Our results are presented without mention of the number of optimal trees because the resolving power and artefactual resolution are the direct expression of data congruence and of the ratio homology/homoplasy, and that the ITRI expresses it well. Generally, a strict consensus tree of a thousand trees will show lower resolving power and artefactual resolution than a consensus of ten trees, because of data ambivalence. But there is always the possibility that an analysis will result in one false tree versus another analysis with one hundred slightly better trees. Kearney (2002) argued that ‘resolution of relationships is obviously a goal of phylogenetic analysis’, but her results show that phylogenetic performance cannot be measured by the number of trees. To avoid confusion with artefactual resolution, we complete her sentence by stating that it is *correct* resolution which is a goal of phylogenetic analysis. We think it is a necessary adjunction to remove the ambiguity between resolution and number of trees. Correct resolution does not display a simple relationship with the number of optimal trees.

#####
*Testing the results*

Each consensus tree summarizing a phylogenetic analysis is compared with the reference tree using the ITRI to assess resolving power and artefactual resolution yielded by each method, each set of outgroup branch length, and each topology.
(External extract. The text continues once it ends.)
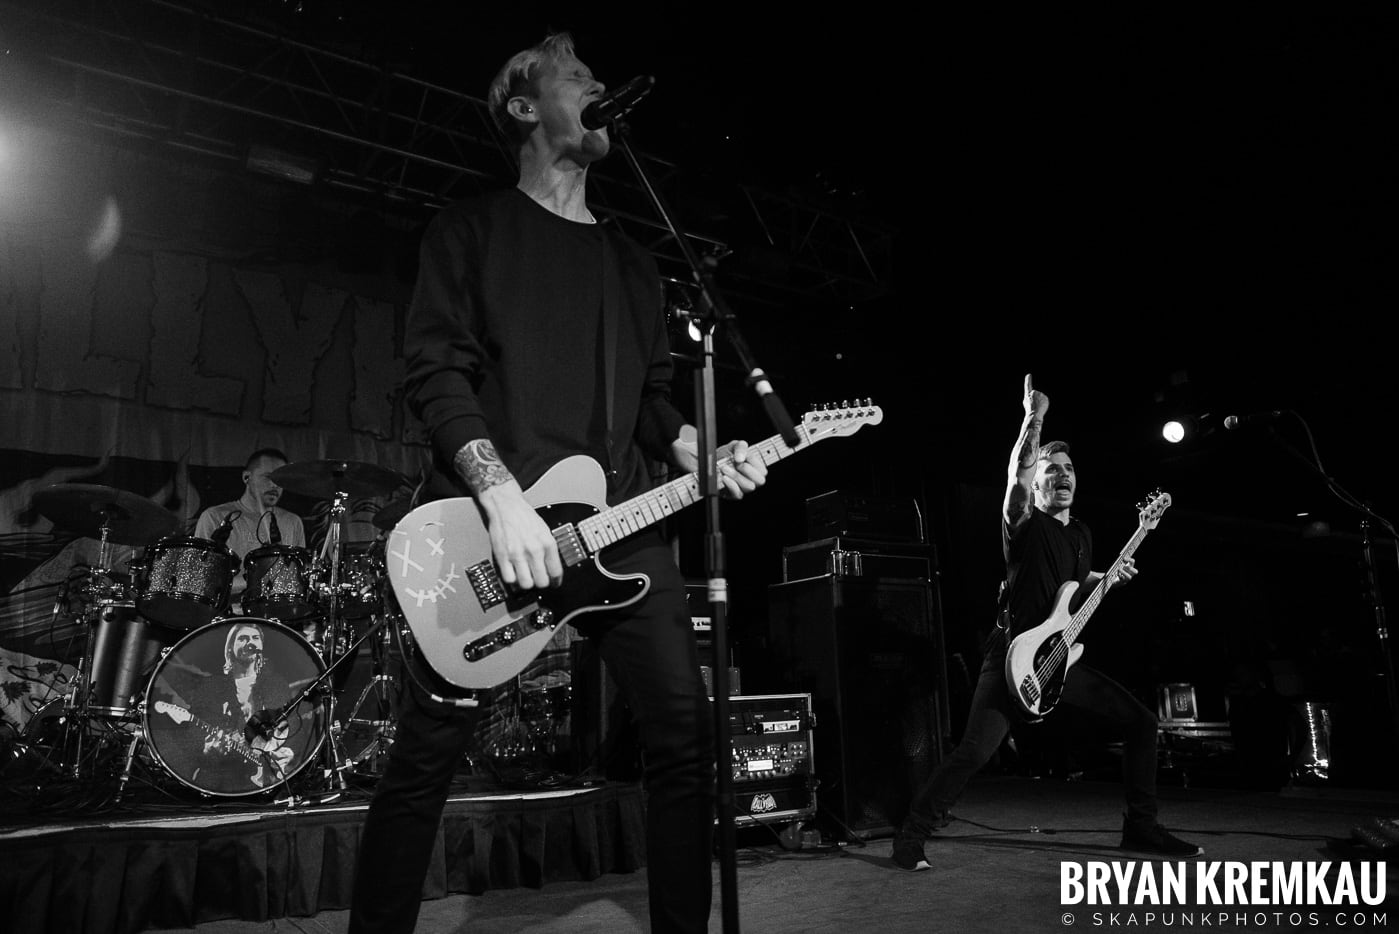 Ballyhoo! @ Starland Ballroom, Sayreville, NJ - 11.23.18 (13)
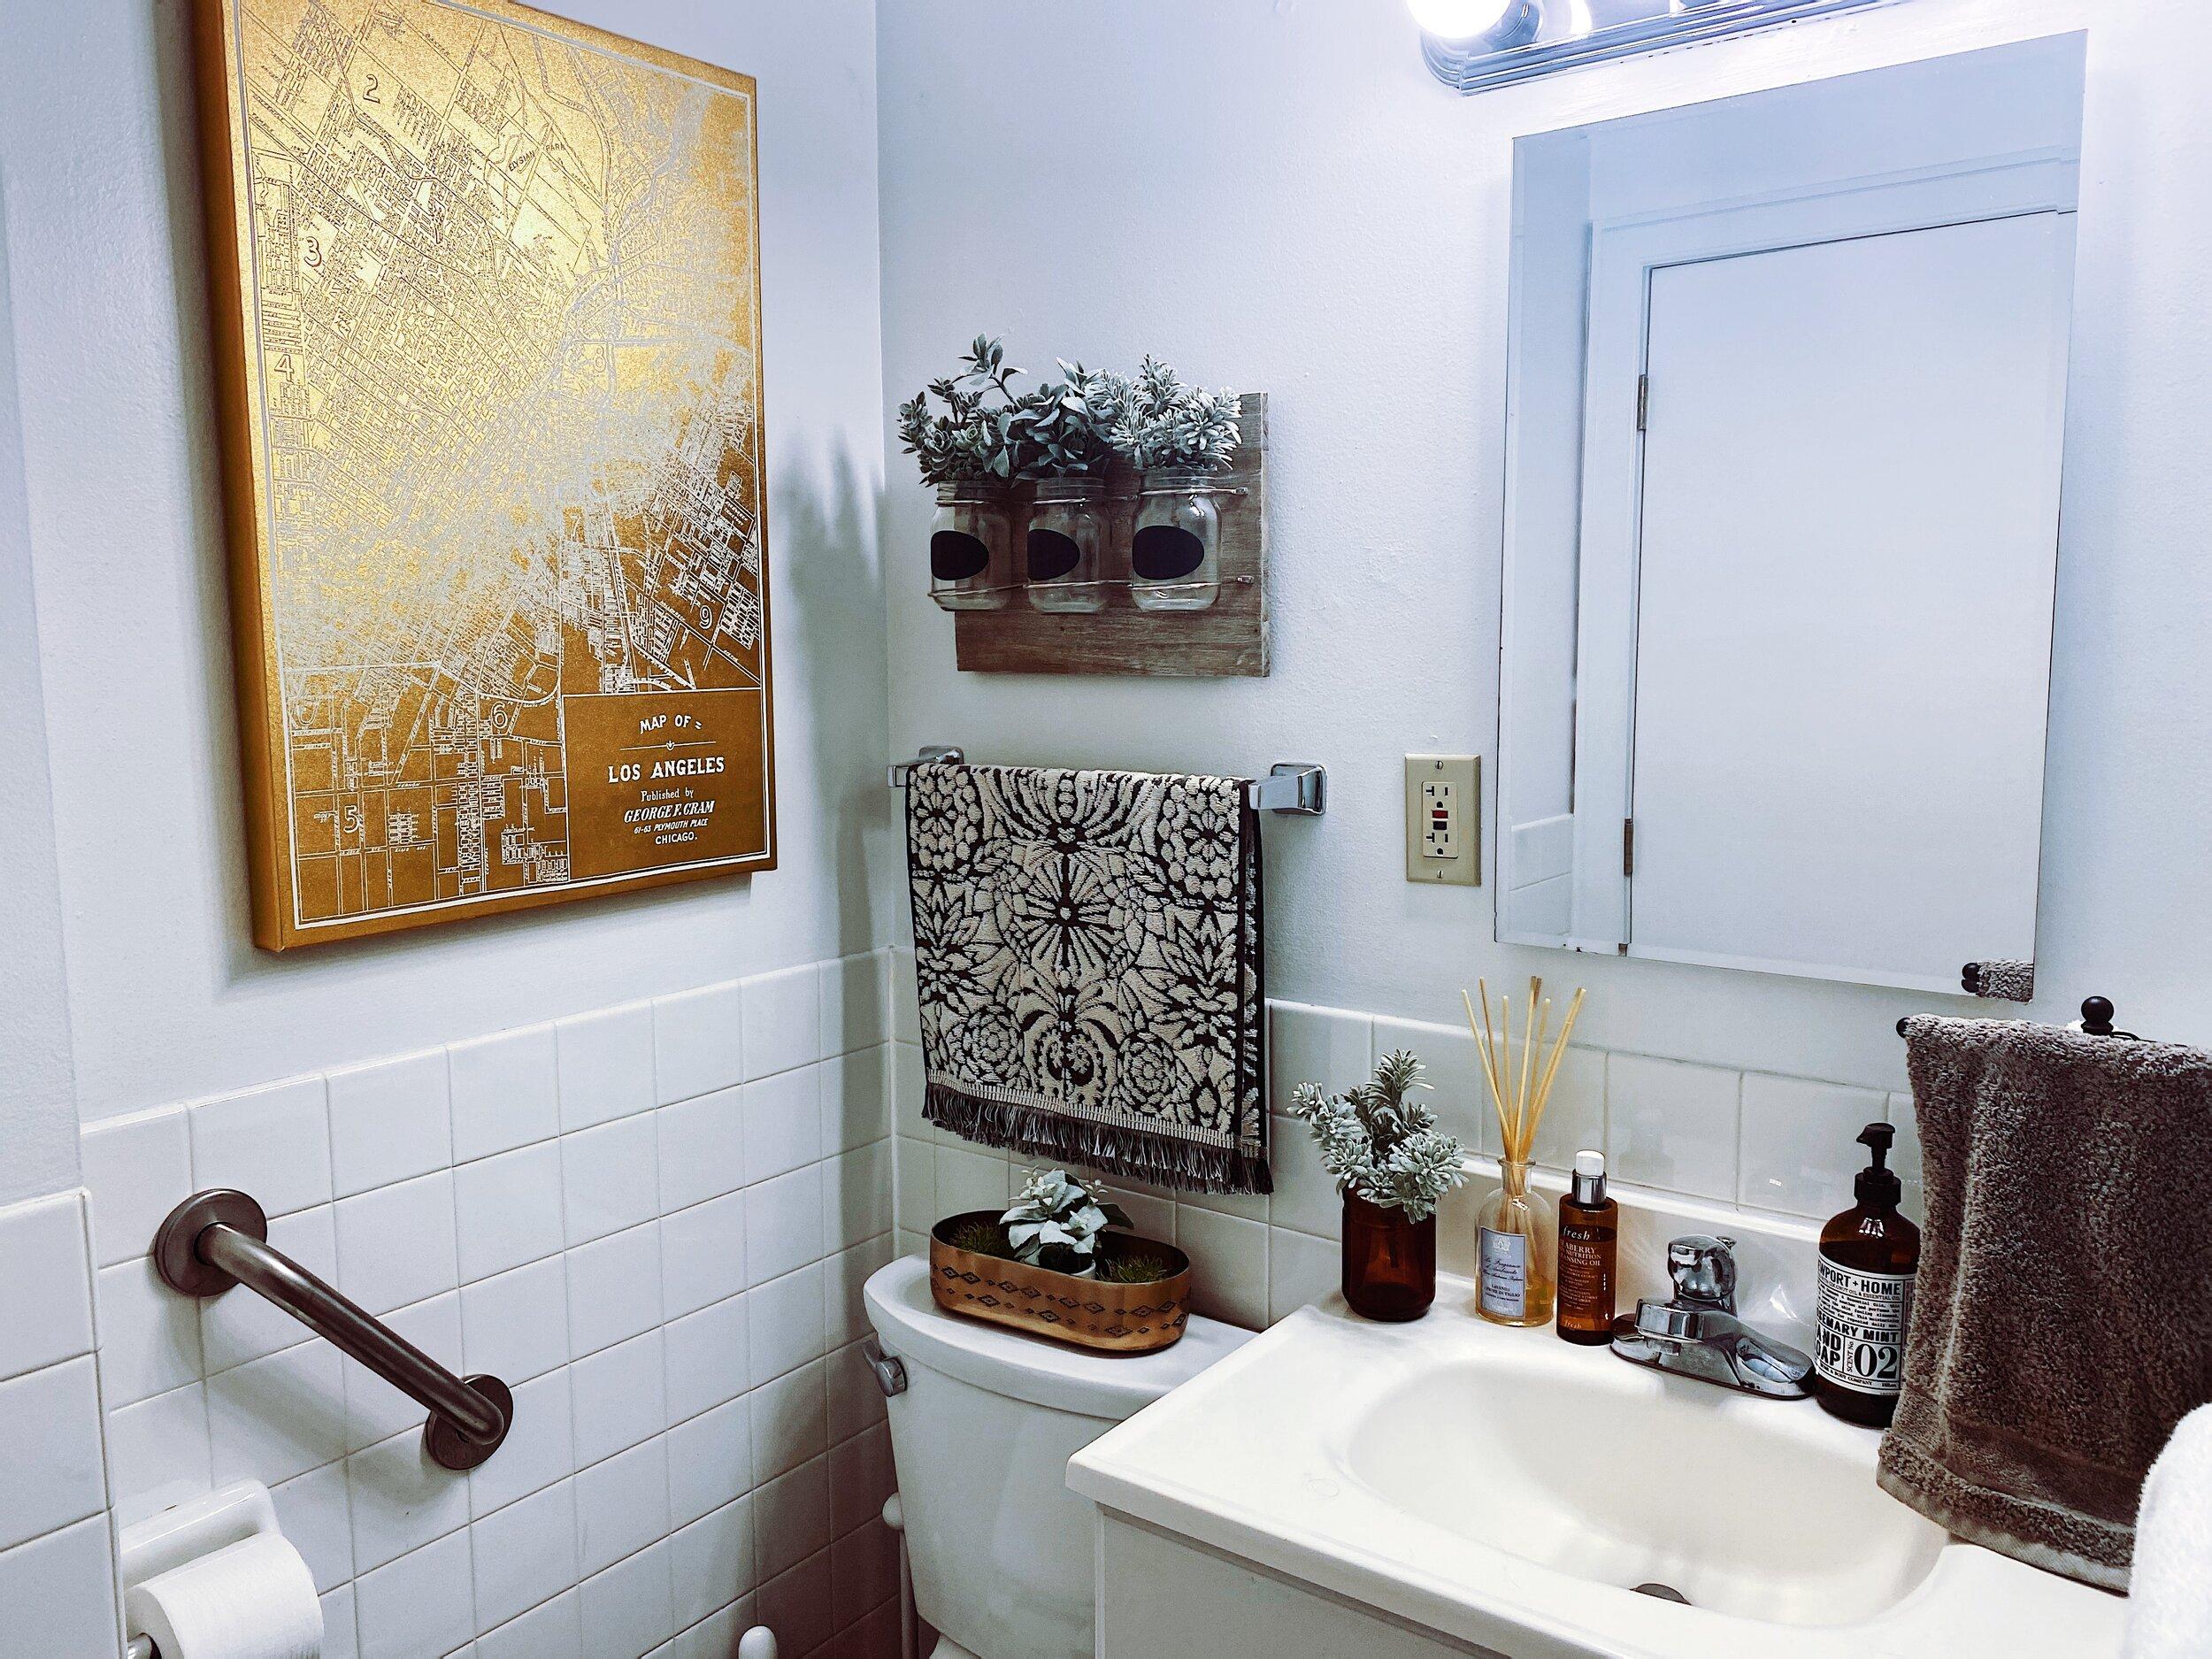 Small Apartment Bathroom Ideas How To, Small Bathroom Decorating

Resolving power is calculated as the proportion of FW for 3ts of the reference tree that are also present in the consensus tree, and can be understood as the proportion of ‘true information’ the analysis has retrieved. Artefactual resolution is calculated as the proportion of FW for 3ts of the consensus tree obtained from an analysis that is not present in the reference tree, and this represents artefactual resolution yielded by the analysis. We calculated means of ITRI (*i.e.*, we got a mean value for resolving power artefactual resolution on each reference topology). The statistical significance of differences in resolving power and artefactual resolution of the various methods of analysis was tested with the Wilcoxon signed-rank test (for paired samples) to compare means of ITRI, because there was no sample with normal distribution (Shapiro-Wilk test) and homoscedasticity of variances (Fisher test). Differences in topologies and branch lengths were tested using a Mann-Whitney test, and linear regressions were performed to test tendencies were the external/internal branch length ratio varies, as in trees D, E, F and G (Fig. 5). Because many comparisons were made, we use the false discovery rate procedure (Benjamini and Hochberg, 1995) to assess the statistical significance of the differences in performance.